Provided records ->
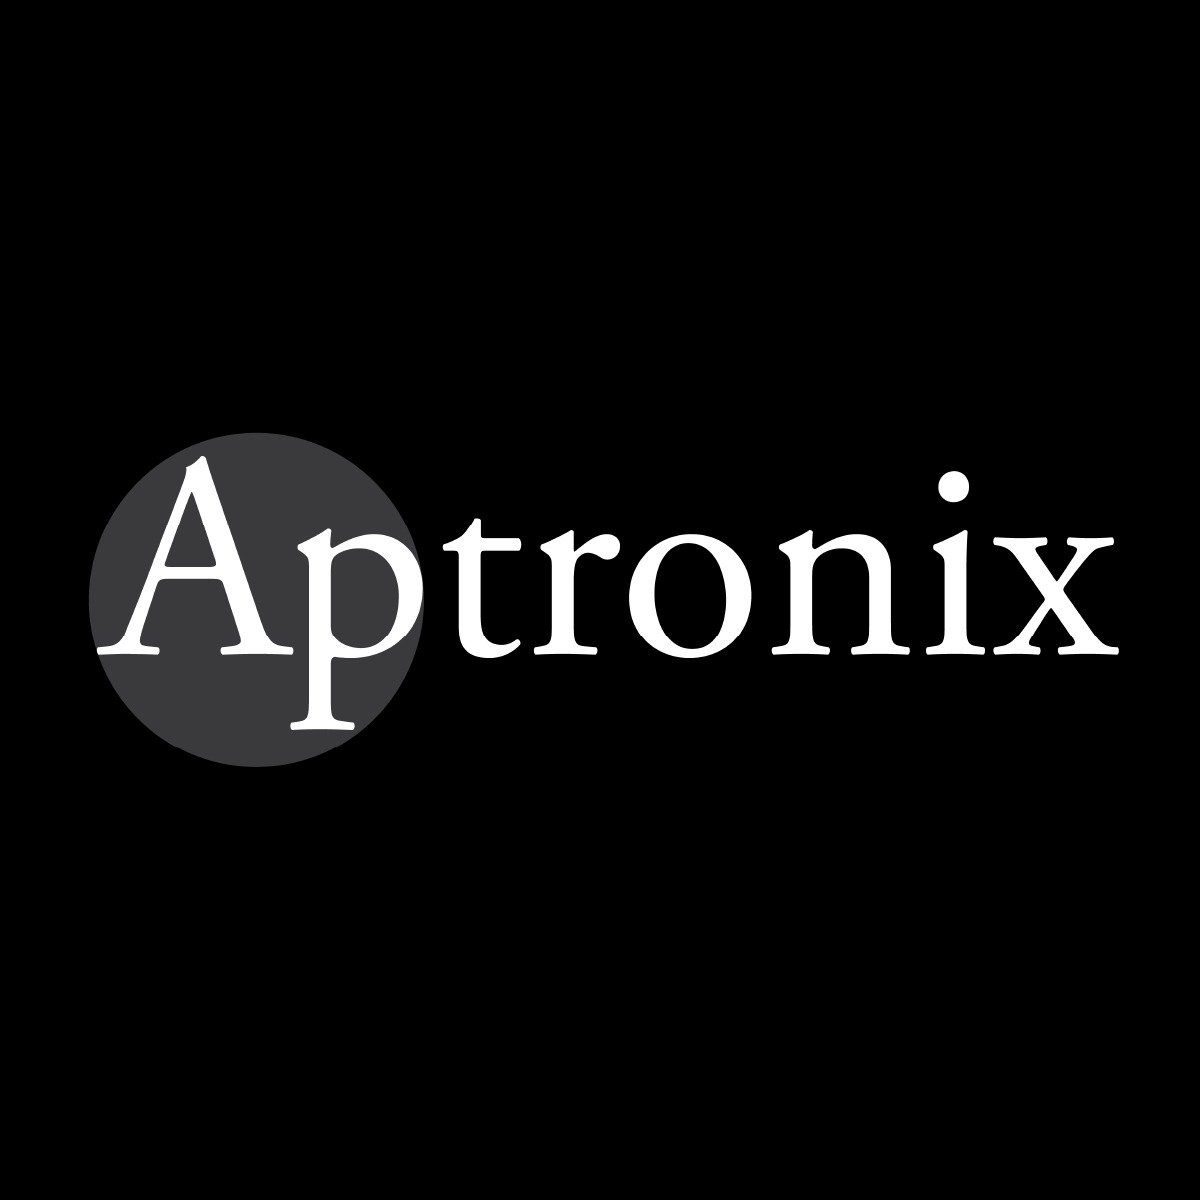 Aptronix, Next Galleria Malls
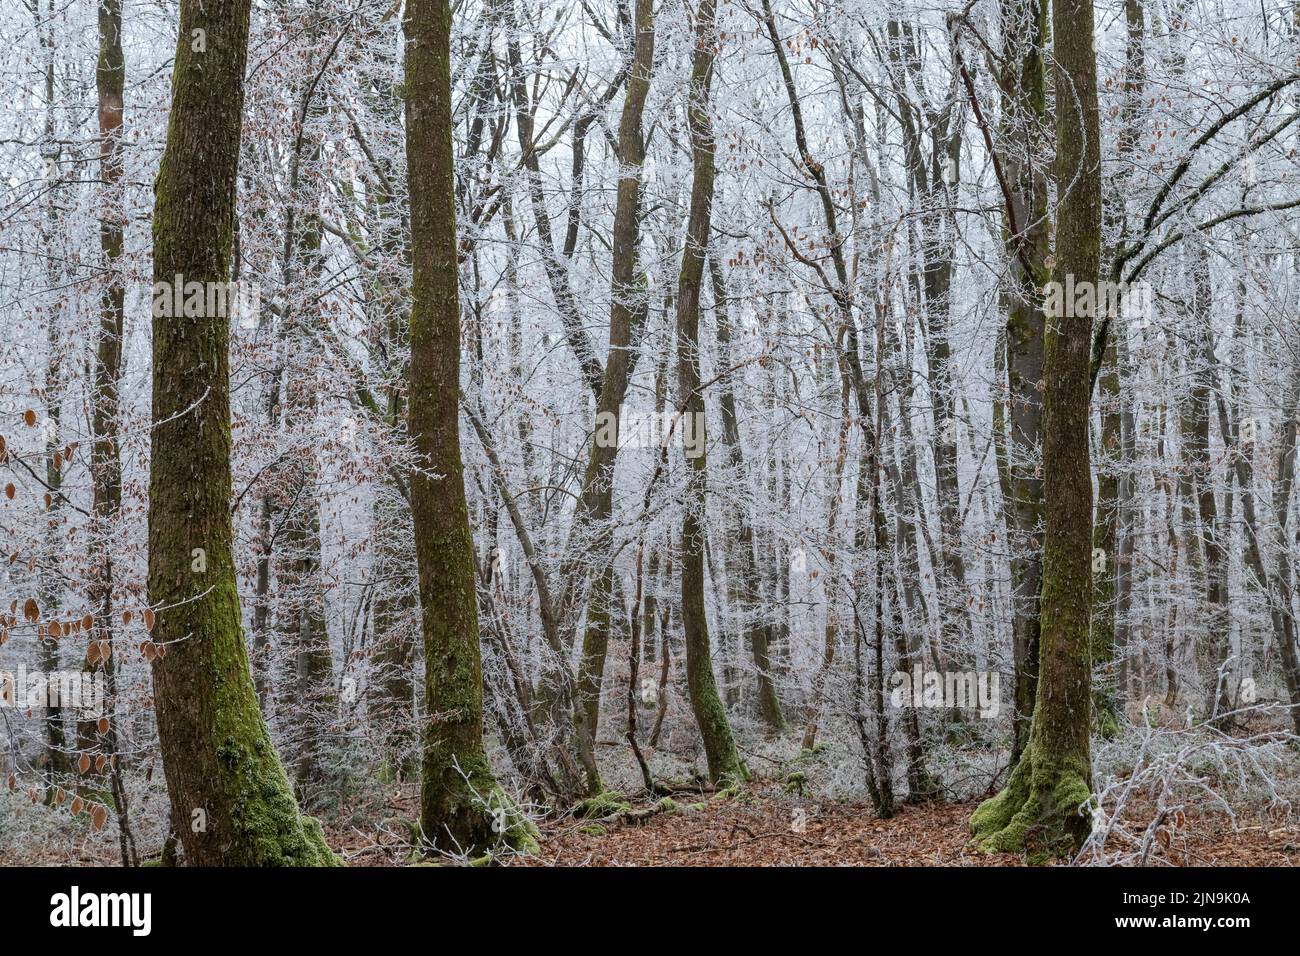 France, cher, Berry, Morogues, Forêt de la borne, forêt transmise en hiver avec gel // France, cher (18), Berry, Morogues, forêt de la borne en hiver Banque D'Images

* * *

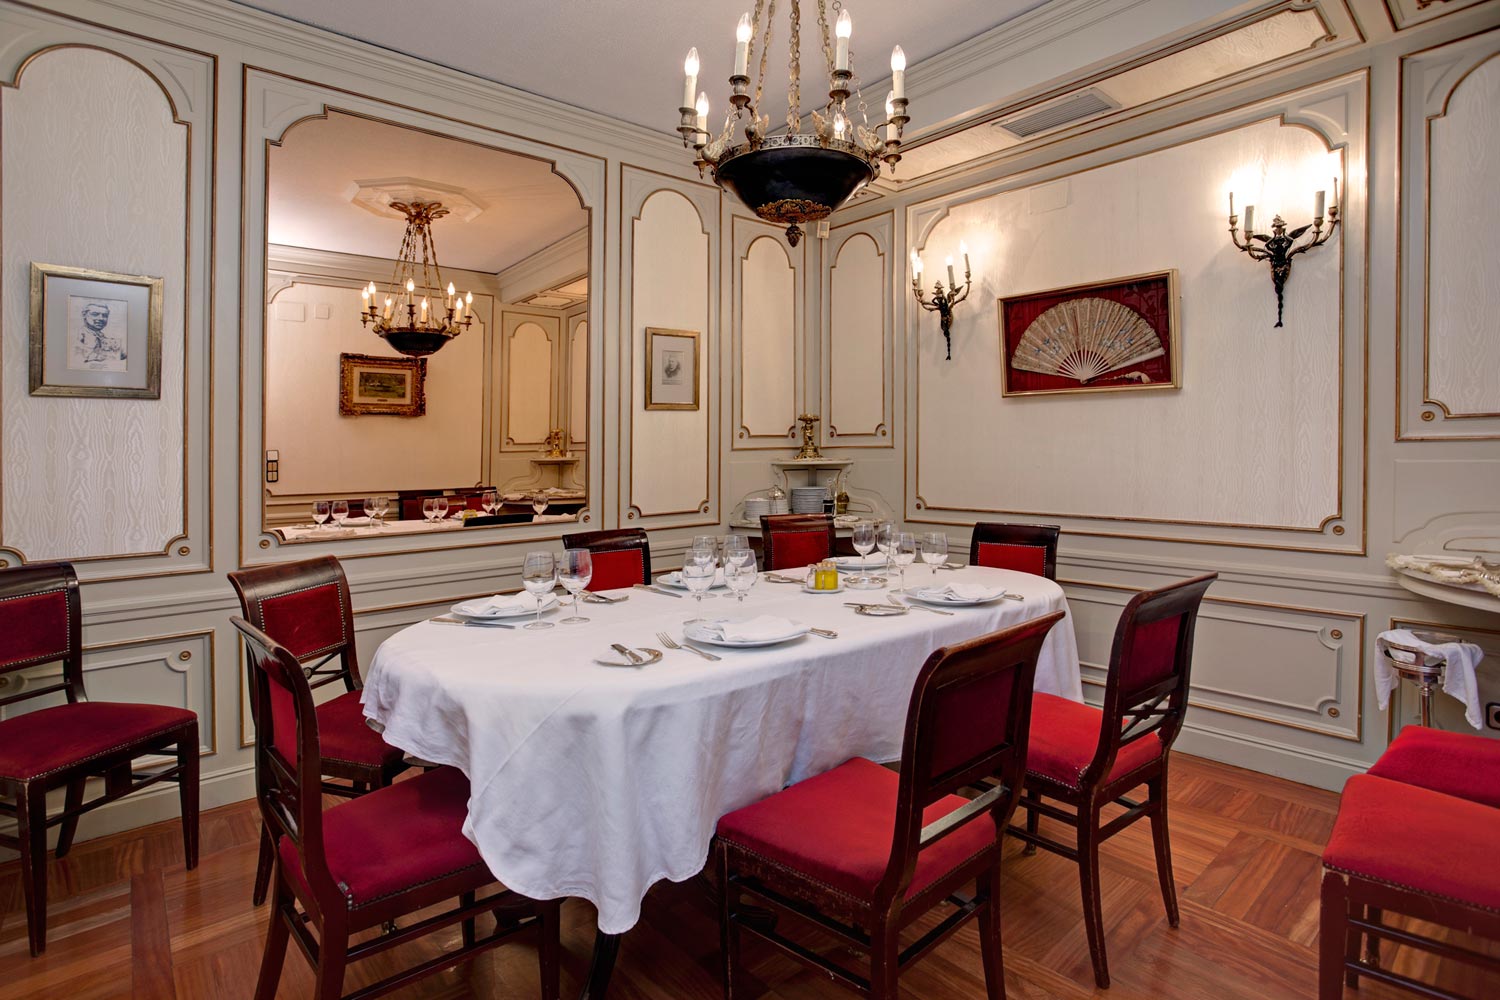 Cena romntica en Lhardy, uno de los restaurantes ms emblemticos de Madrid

Work order -> Retype the lines above exactly as they appear, from the line containing "Aptronix, Next Galleria Malls" through the line containing "France, cher, Berry, Morogues, Forêt", and leave out any pictures.

Result below ->
 Aptronix, Next Galleria Malls
 France, cher, Berry, Morogues, Forêt de la borne, forêt transmise en hiver avec gel // France, cher (18), Berry, Morogues, forêt de la borne en hiver Banque D'Images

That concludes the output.